:: The data ::
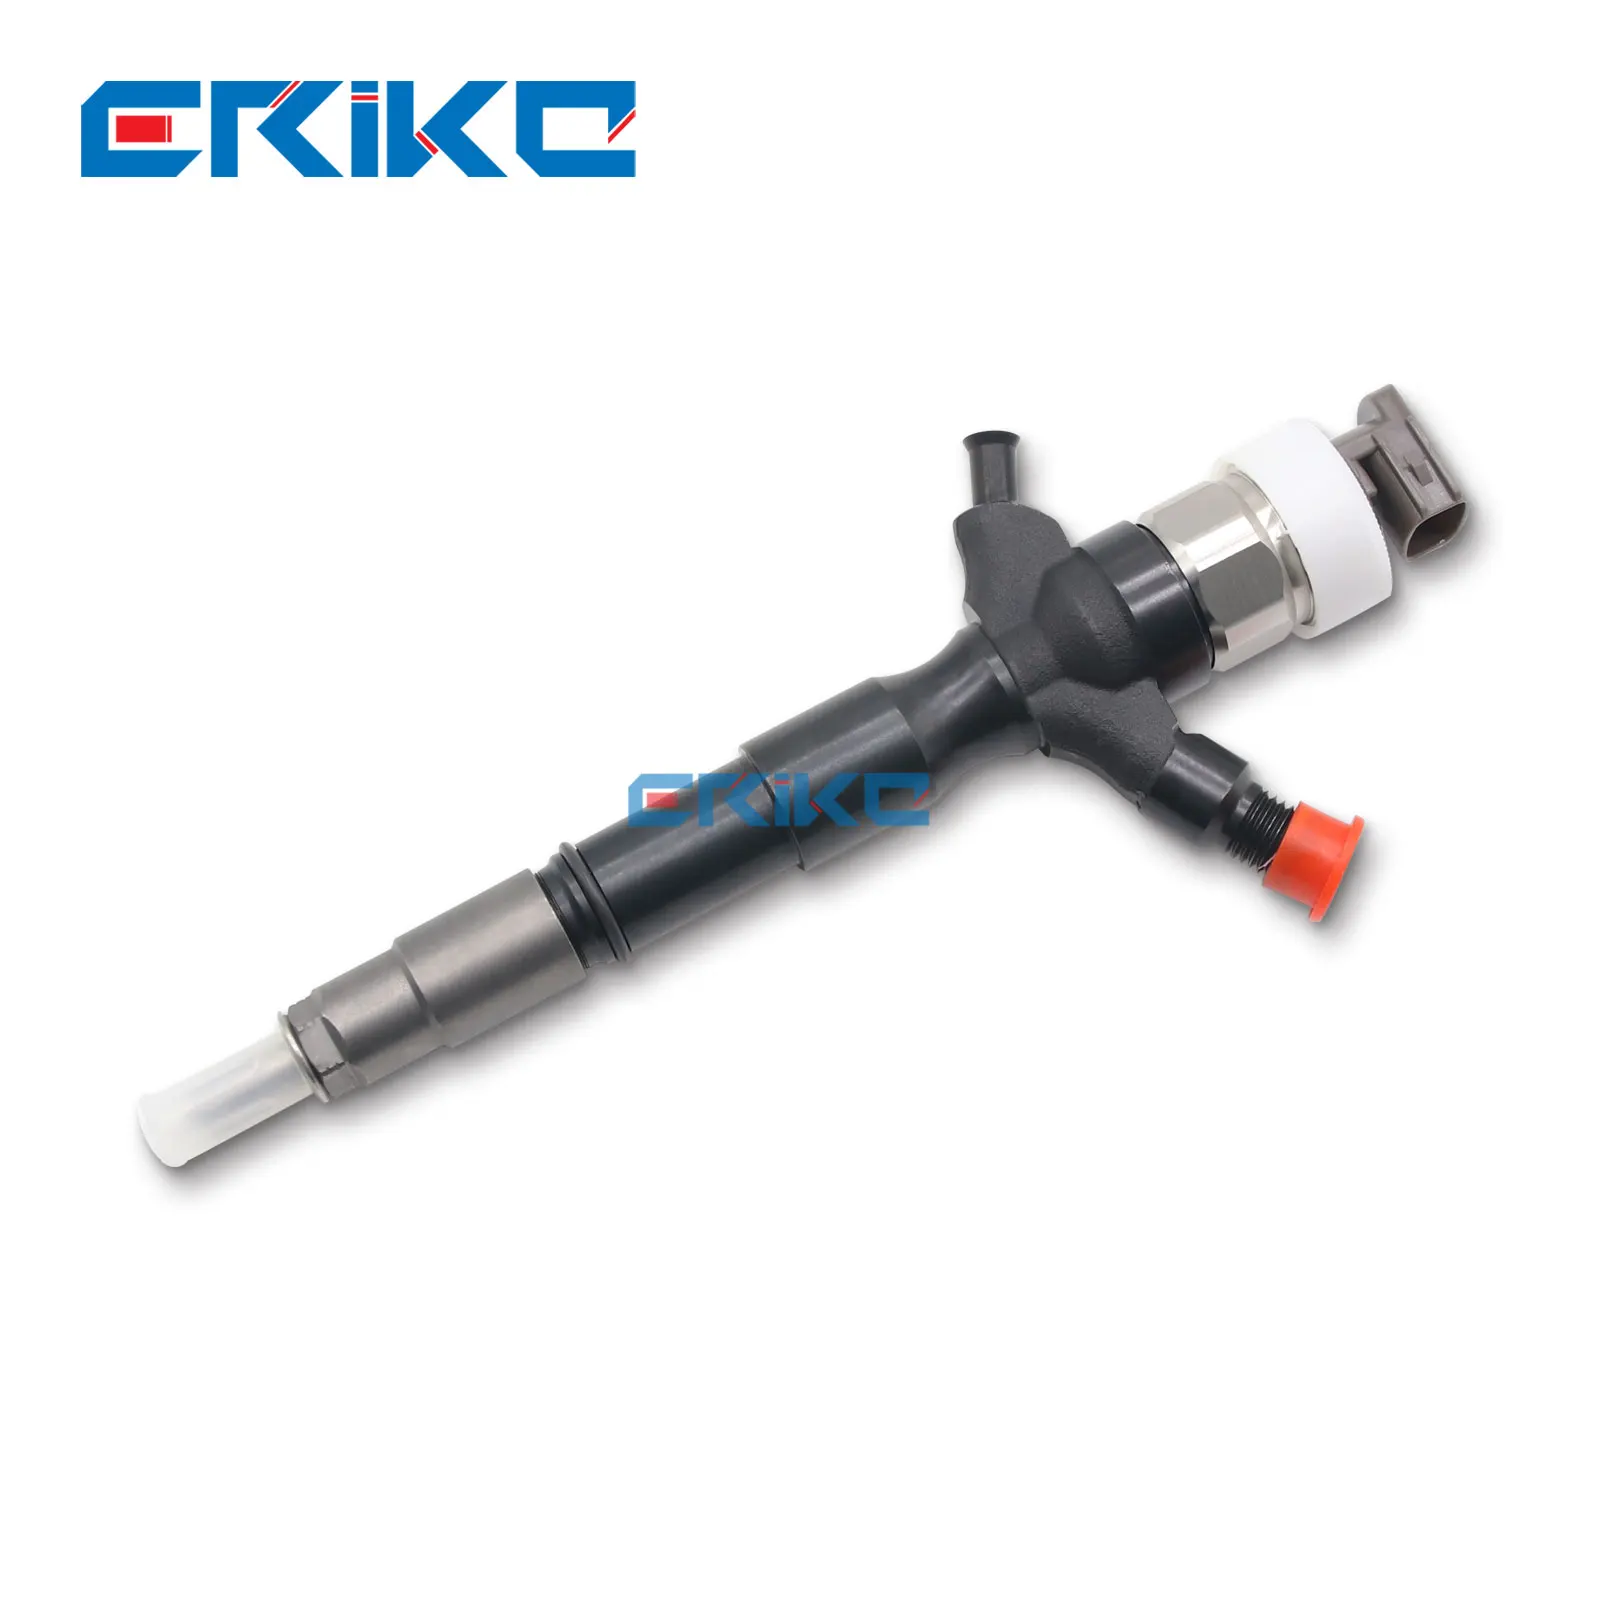 

095000-7390 Diesel Injector 295040-7480 Auto Fuel Complete Injector Nozzle 295040-7490 for Toyota Hilux 2.5 D 8-97602-485-5
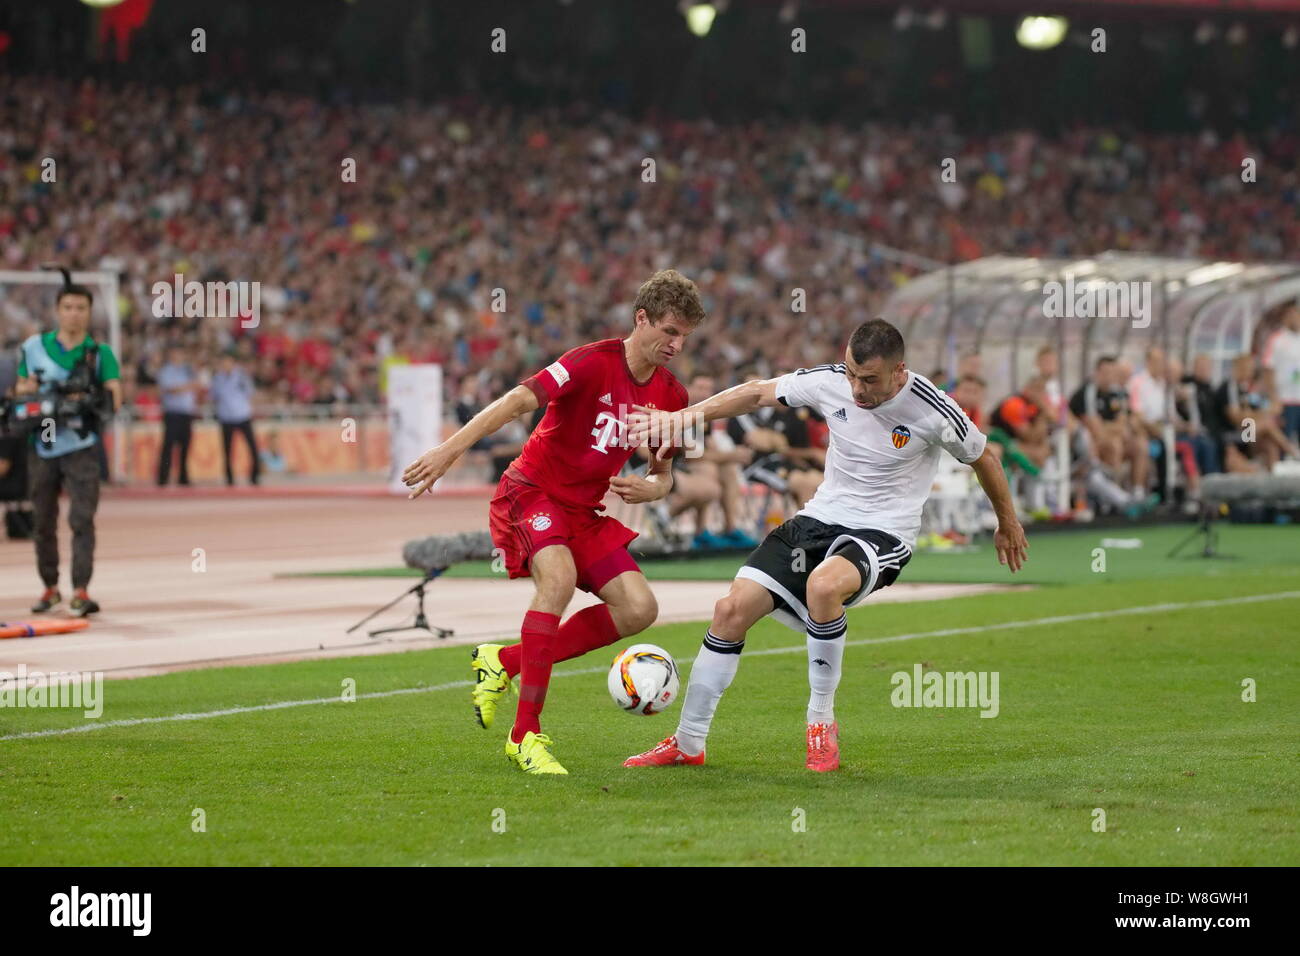 Thomas Mueller of Bayern Munich, left, challenges Javi Fuego of FC Valencia during their friendly soccer match in Beijing, China, 18 July 2015.   Thom Stock Photo
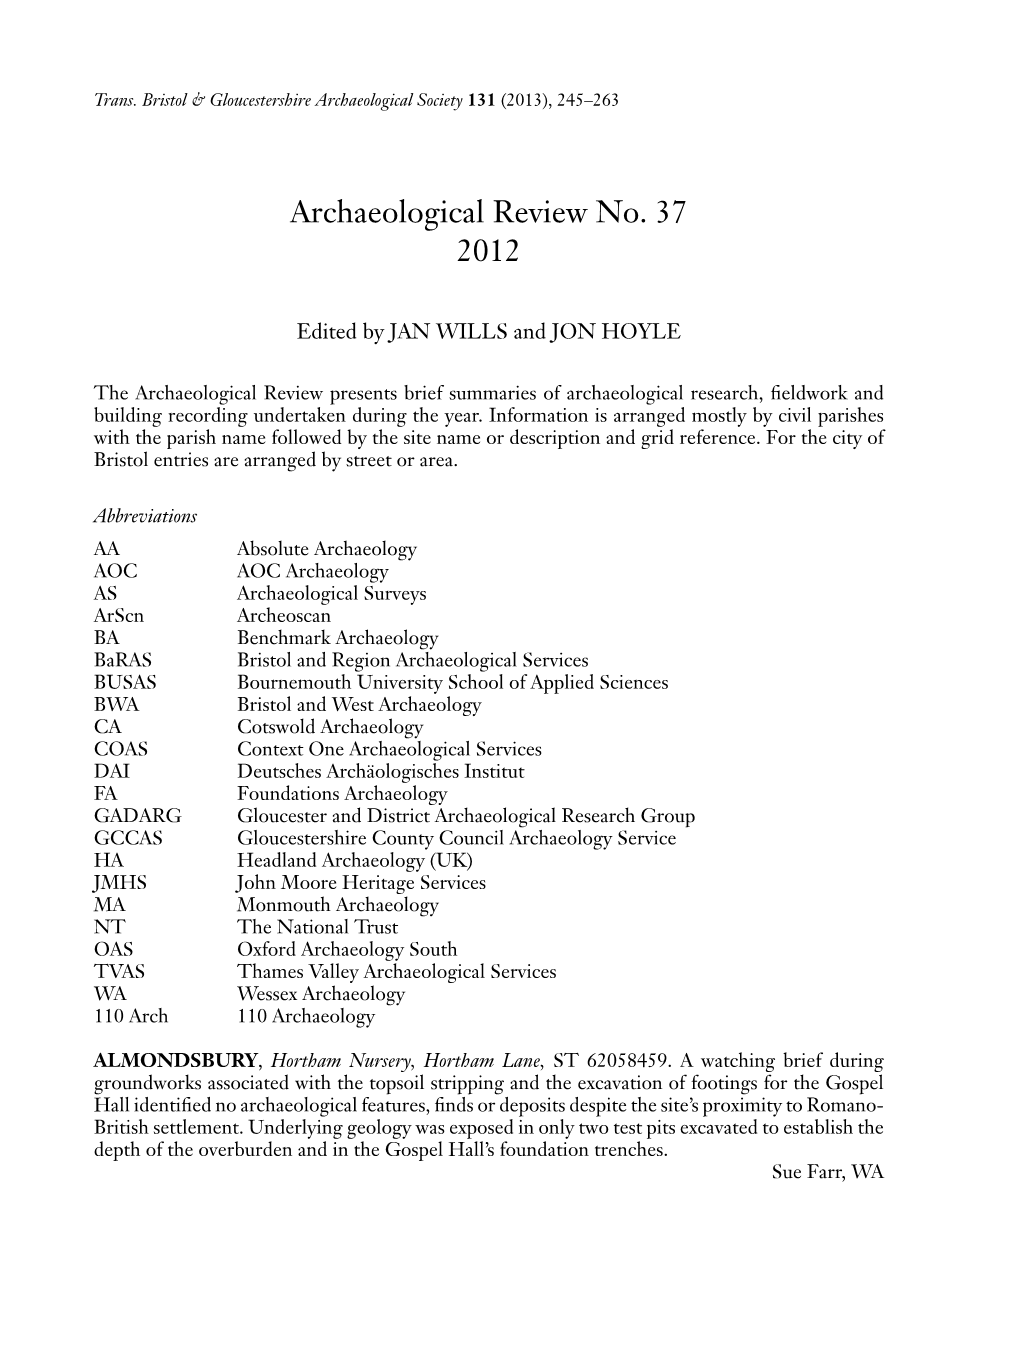 Archaeological Review No. 37 2012

:: Your instructions ::
The listing above, line by line: print it exactly, but not its pictures.

:: Exercise solution ::
095000-7390 Diesel Injector 295040-7480 Auto Fuel Complete Injector Nozzle 295040-7490 for Toyota Hilux 2.5 D 8-97602-485-5
 Thomas Mueller of Bayern Munich, left, challenges Javi Fuego of FC Valencia during their friendly soccer match in Beijing, China, 18 July 2015.   Thom Stock Photo
 Archaeological Review No. 37 2012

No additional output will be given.